Hello traders! In part 1 of this two part series, I gave you the first half of a day trader’s daily routine. Depending on your own personal trading style, you may need to slightly customize it a bit. On with the list:
9. Look for another trade! Depending on your trading style, your first trade might not have “taken off” yet. In the meantime, why not see if there is some more action out there? Swing and position traders will definitely consider this. Very short term day traders, especially new traders, may be too fixated on one trade/position to manage a second. Another note about this is that I would prefer you not put all of your eggs in one basket, all of your trading account on one trade! This would be overly aggressive, bordering on stupidity.
10. Manage any trades you are in. So, you’ve entered a position or two, looked for new trades, now what? Well, you must go back and check the trades you are in. Have they moved far enough to move your stop to break even? Far enough to start locking in profits? Perhaps you will consider moving your profit target further out. (I know some of you would never think of moving profit targets once they are set, but hear me out. When you find a currency pair (let’s call it pair A) that seems to lead another one (let’s call it pair B), what do you think when the leading pair breaks forcefully through a supply or demand zone yet the other hasn’t yet? Perhaps pair B hasn’t even reached the zone. If pair A rips through a level, you would expect pair B to go through as well. Why limit your profits on pair B when it is very likely going to move to the next level? Figuring out which two pairs are related enough, and then which leads another is mildly complicated and a bit too much for this newsletter. To see how I do it, hope to see you in one of our classes!)

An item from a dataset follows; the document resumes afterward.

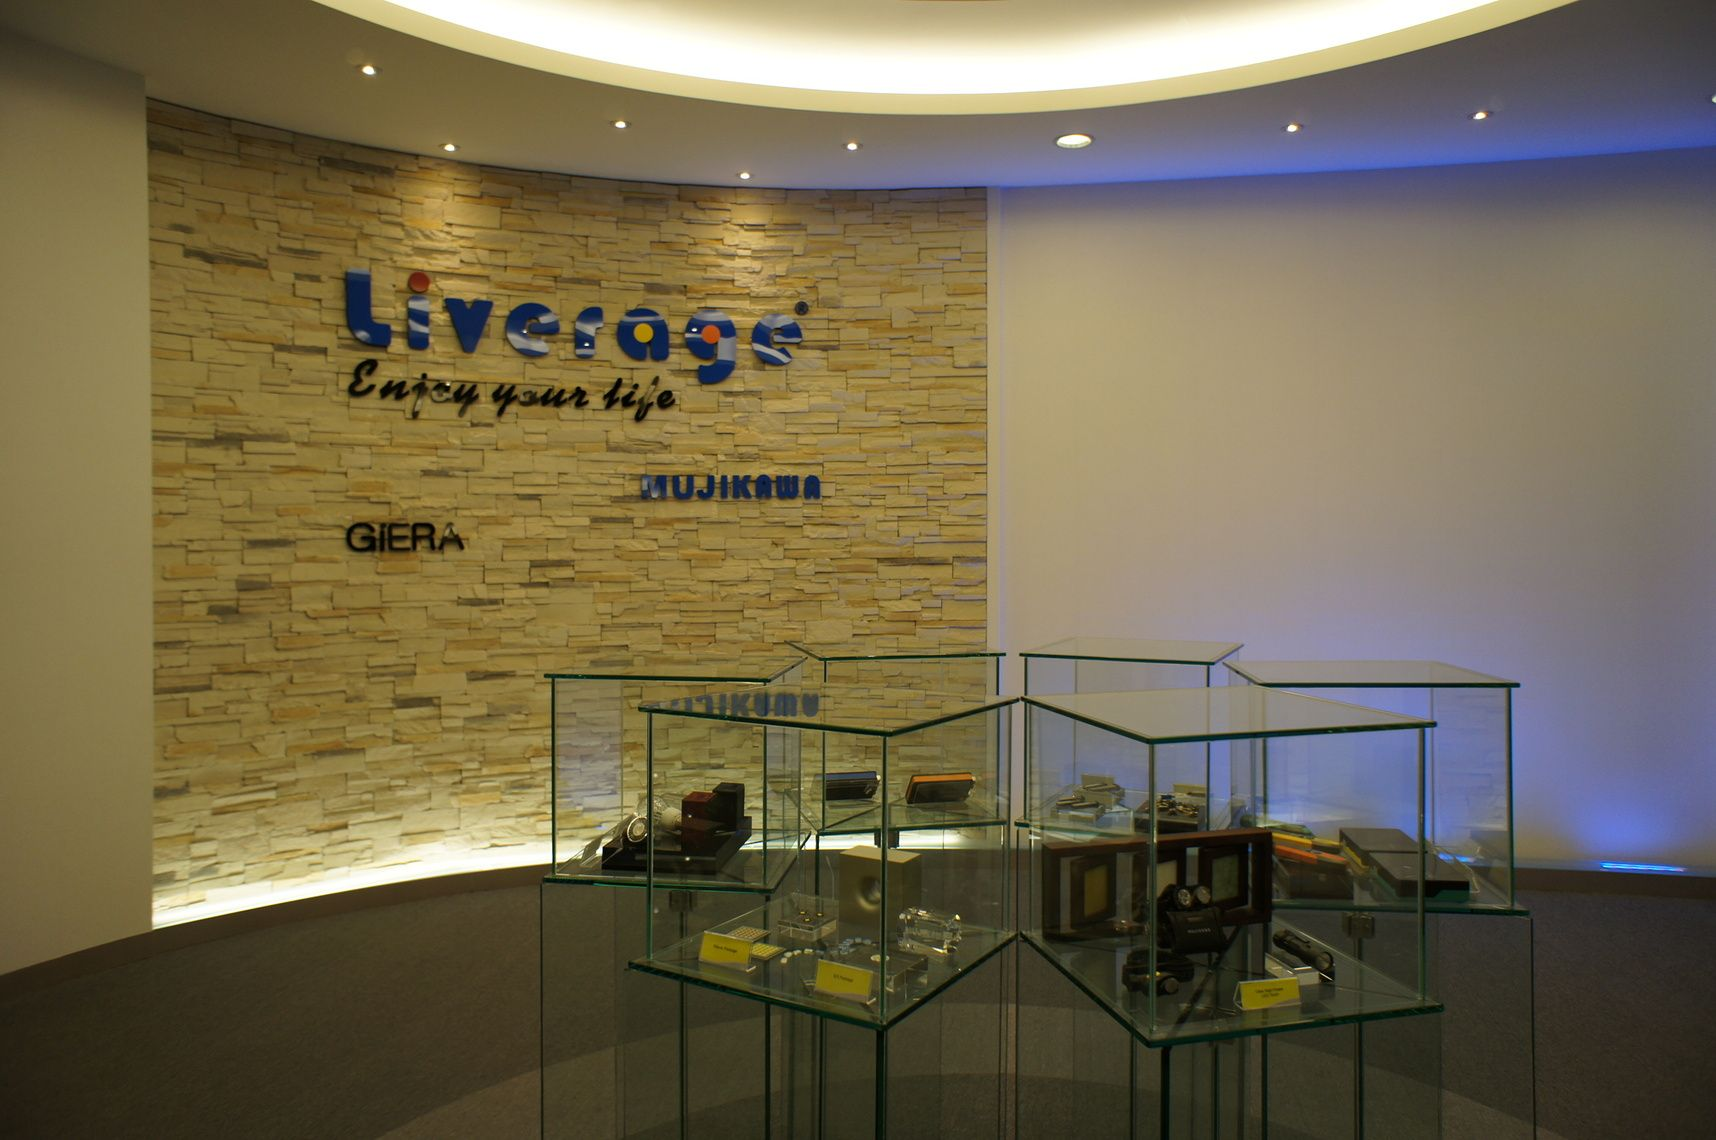 Liverage Technology Inc. 15年以上にわたって光ファイバー通信業界に専念してきました。

11. Rinse and repeat. Look for new trades and manage any trades you are in.
So now you have basically decided to end your trading day. Does that mean you just turn off your computer and come back tomorrow? Not quite, a few things remain.
12. Check your orders and positions one last time. Having a day order for a stop loss could be a huge oops in the account. What about a stop order for two lots when you have ten lots as a position? Also a potential disaster. ALWAYS double check your orders and positions before closing down your computer! We’ve heard too many horror stories of huge losses when a trading error is made to ignore this crucial step. It’s weird how trading mistakes seem to always make money in demo accounts, but lose money in live accounts.

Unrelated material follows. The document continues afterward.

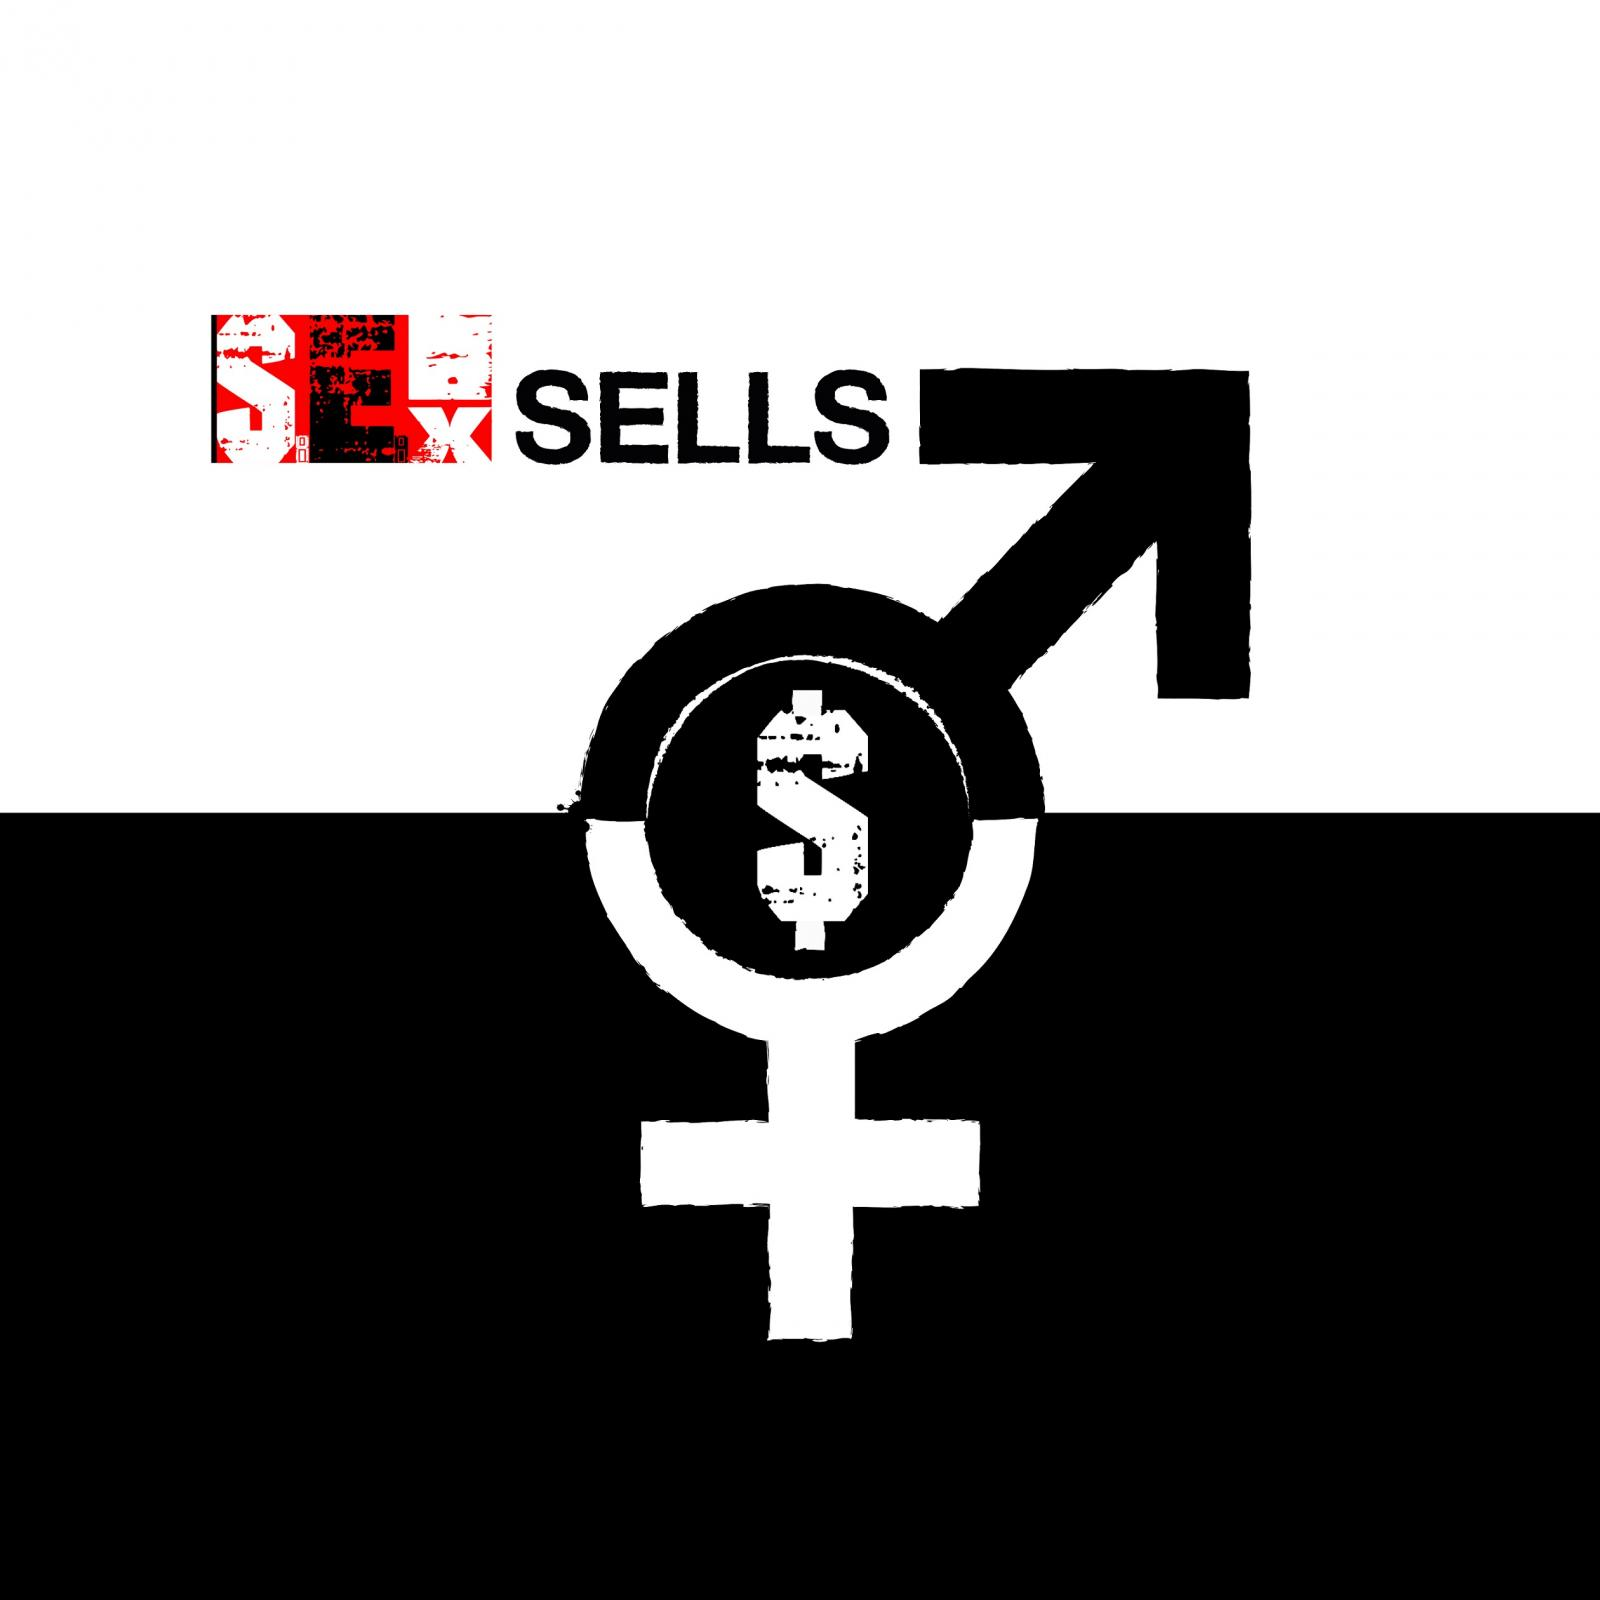 Upcoming: SEX - Sex Sells

13. Check the economic calendar for any overnight news on currencies you are trading. I would not be a fan of being in a EUR trade if their central bank was planning on an early morning interest rate decision. It is up to you to decide if you will wake up early, before the announcement, so you can exit a trade or use a trailing stop, etc. Just be aware that big news can dramatically move these markets!
Now, you also must journal your trades as you do them, especially if you are new to trading! I didn’t put journaling the trade as its own numbered entry, as many traders do this differently. Some take a simple screen shot of the trade they just did while others will fill out an extensive Excel spreadsheet on all of the reasons for this particular trade. If I were you, I would go get a beginners book on Excel and learn to use that program. This way you can easily put in all of the reasons you are taking trades, then easily sort out what is helping you and what isn’t. For example, if you are trying to trade the EURCAD using a 5/17 moving average crossover strategy on a 6 minute chart and you are losing money every time you do it, STOP IT. Without keeping track, journaling what is consistently making you money and what isn’t helping you make money, you might be tricked by your memory. Very often someone will take a trade with some crazy reasoning behind it and make good money the first time. Then, the inexperienced trader will continue to use that same silly idea to make decisions over and over again losing much more than they originally made. For example, “I made $5000 on a trade when I bought because the first car I saw today was green! I will buy whenever I see a green car!” You would be surprised the reasons I’ve heard new traders take trades… If you aren’t measuring your trades, you aren’t keeping track. If you aren’t keeping track, I have no sympathy for you when you say you aren’t making money trading.
So there you have it. A short suggested list for a daily routine. If you are more of a swing / position trader, you might only be checking orders/looking for new trades once a day or two, and that’s fine. Trading is a great pursuit; you can customize trading to your life instead of being forced to customize your life to a business.